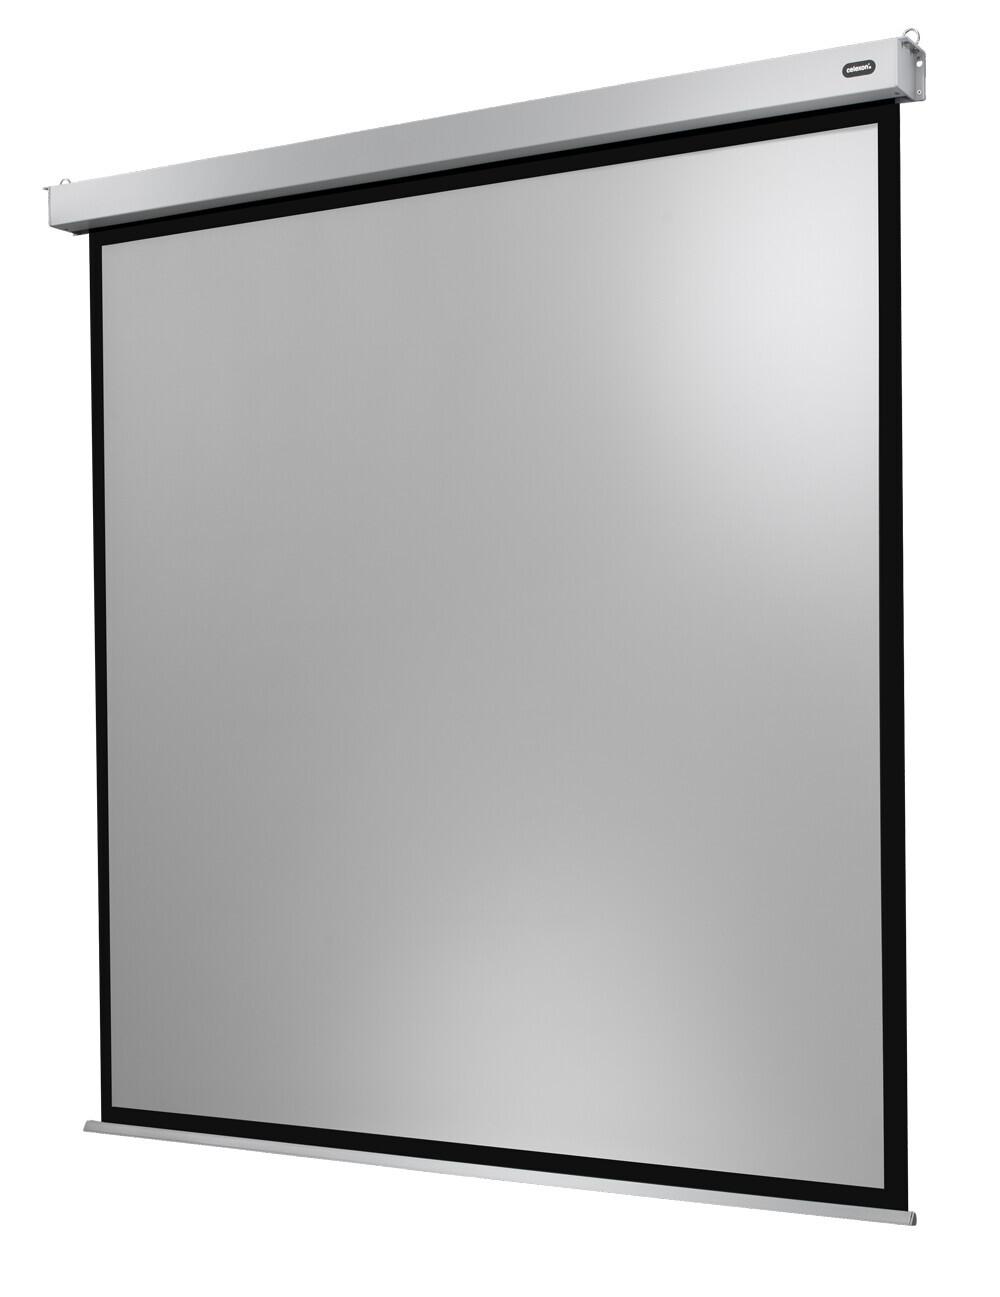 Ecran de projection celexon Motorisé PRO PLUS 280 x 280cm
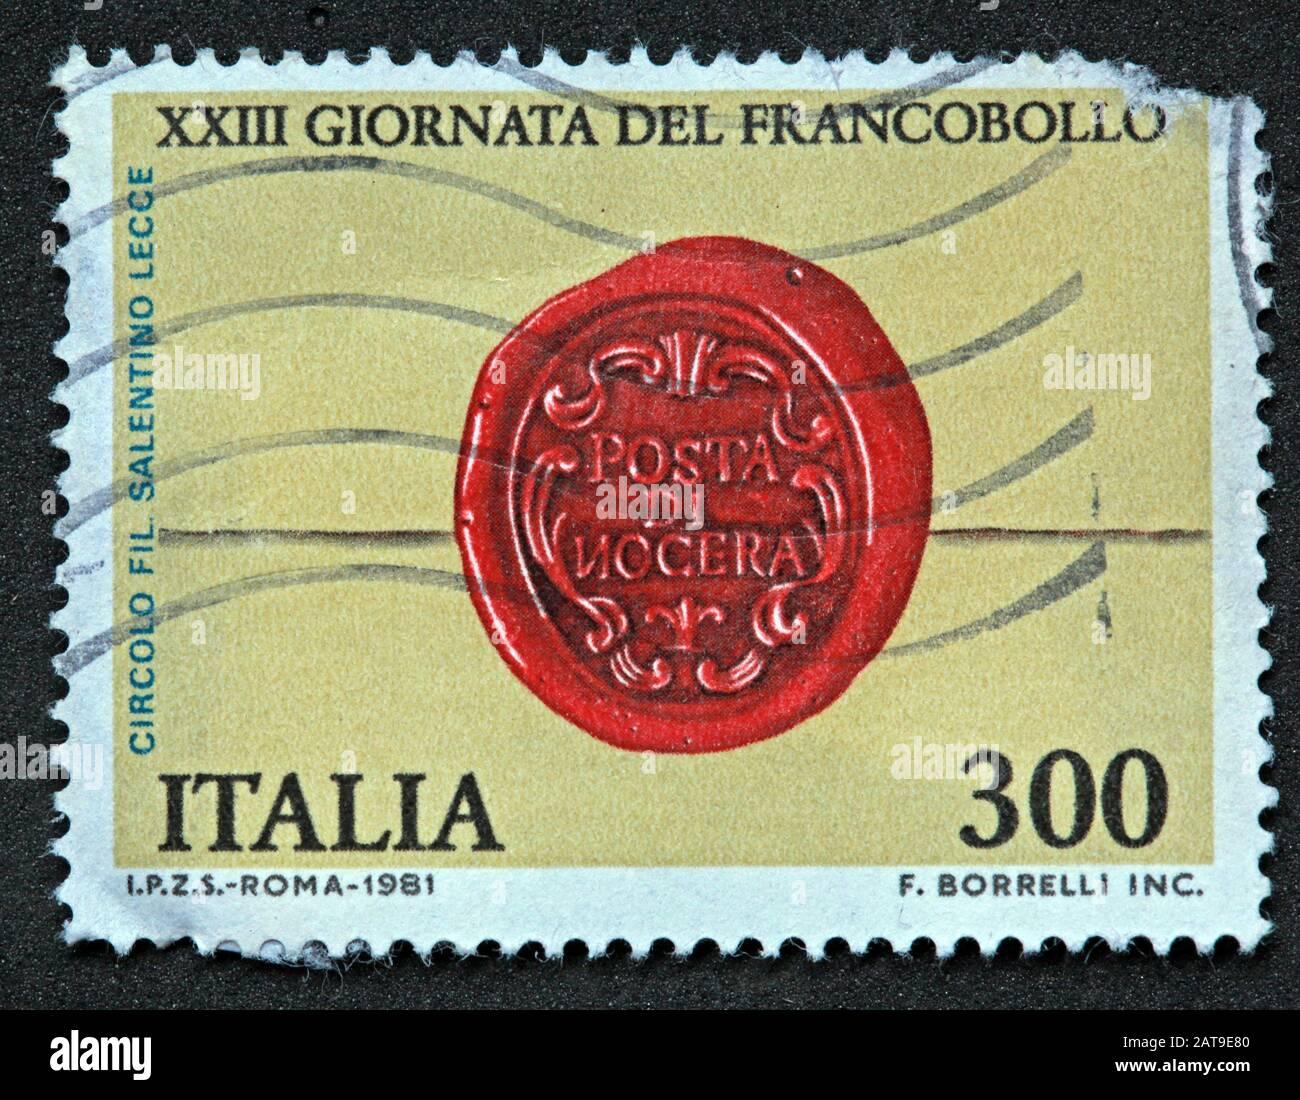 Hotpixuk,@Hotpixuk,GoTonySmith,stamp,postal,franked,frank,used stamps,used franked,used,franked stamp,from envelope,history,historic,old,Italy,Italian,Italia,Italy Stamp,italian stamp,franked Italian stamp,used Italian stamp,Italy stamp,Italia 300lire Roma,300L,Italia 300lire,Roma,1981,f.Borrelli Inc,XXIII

--

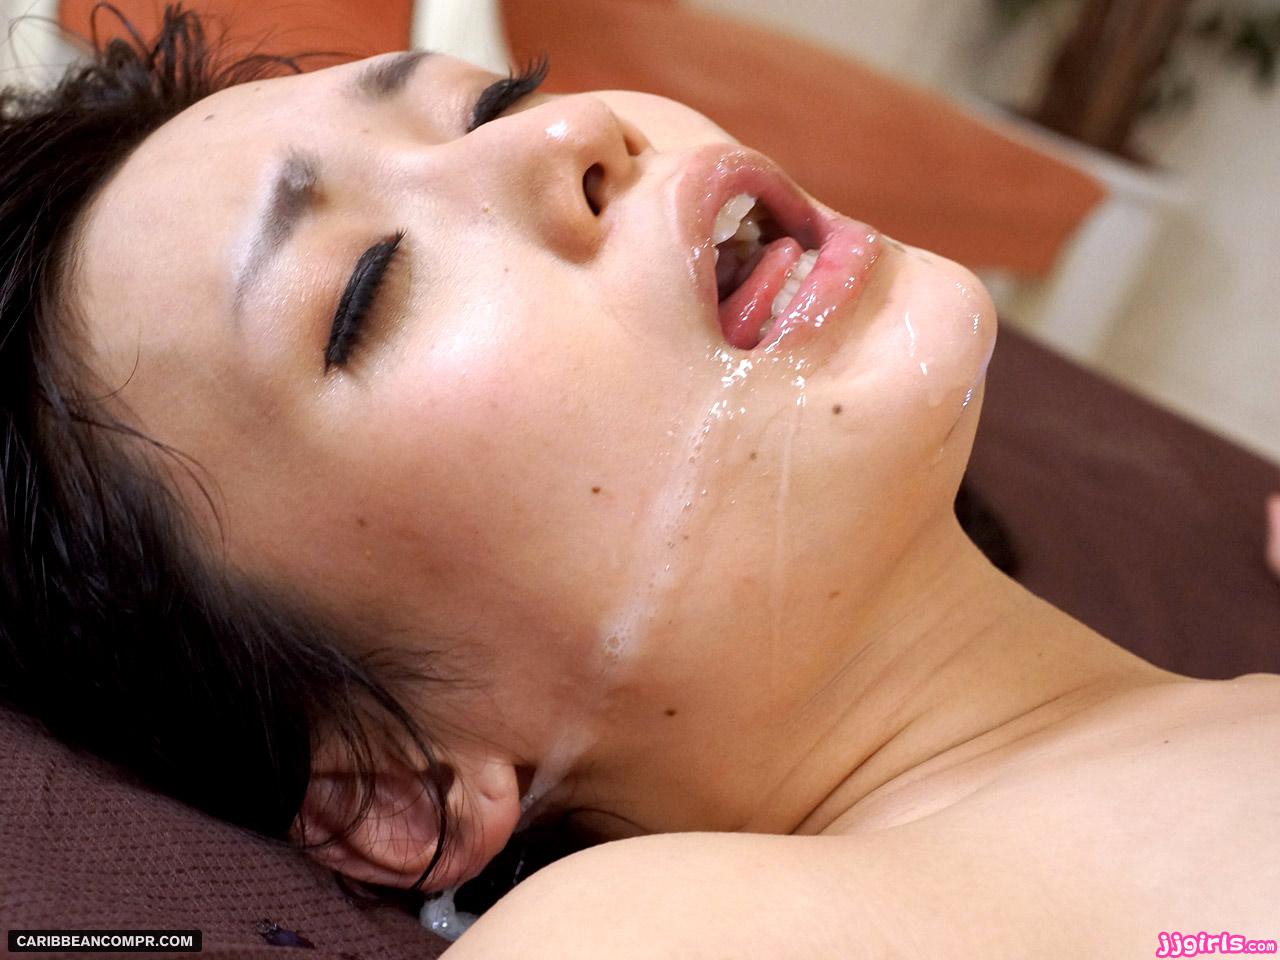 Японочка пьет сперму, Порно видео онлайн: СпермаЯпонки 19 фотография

▶ Required action
Write out word for word the lines of the listing above from the line with "Ecran de projection" to the line with "Roma,300L,Italia 300lire,Roma,1981,f.Borrelli Inc,XXIII", taking in both of those lines but no pictures.

▶ Result of this task
 Ecran de projection celexon Motorisé PRO PLUS 280 x 280cm
 Hotpixuk,@Hotpixuk,GoTonySmith,stamp,postal,franked,frank,used stamps,used franked,used,franked stamp,from envelope,history,historic,old,Italy,Italian,Italia,Italy Stamp,italian stamp,franked Italian stamp,used Italian stamp,Italy stamp,Italia 300lire Roma,300L,Italia 300lire,Roma,1981,f.Borrelli Inc,XXIII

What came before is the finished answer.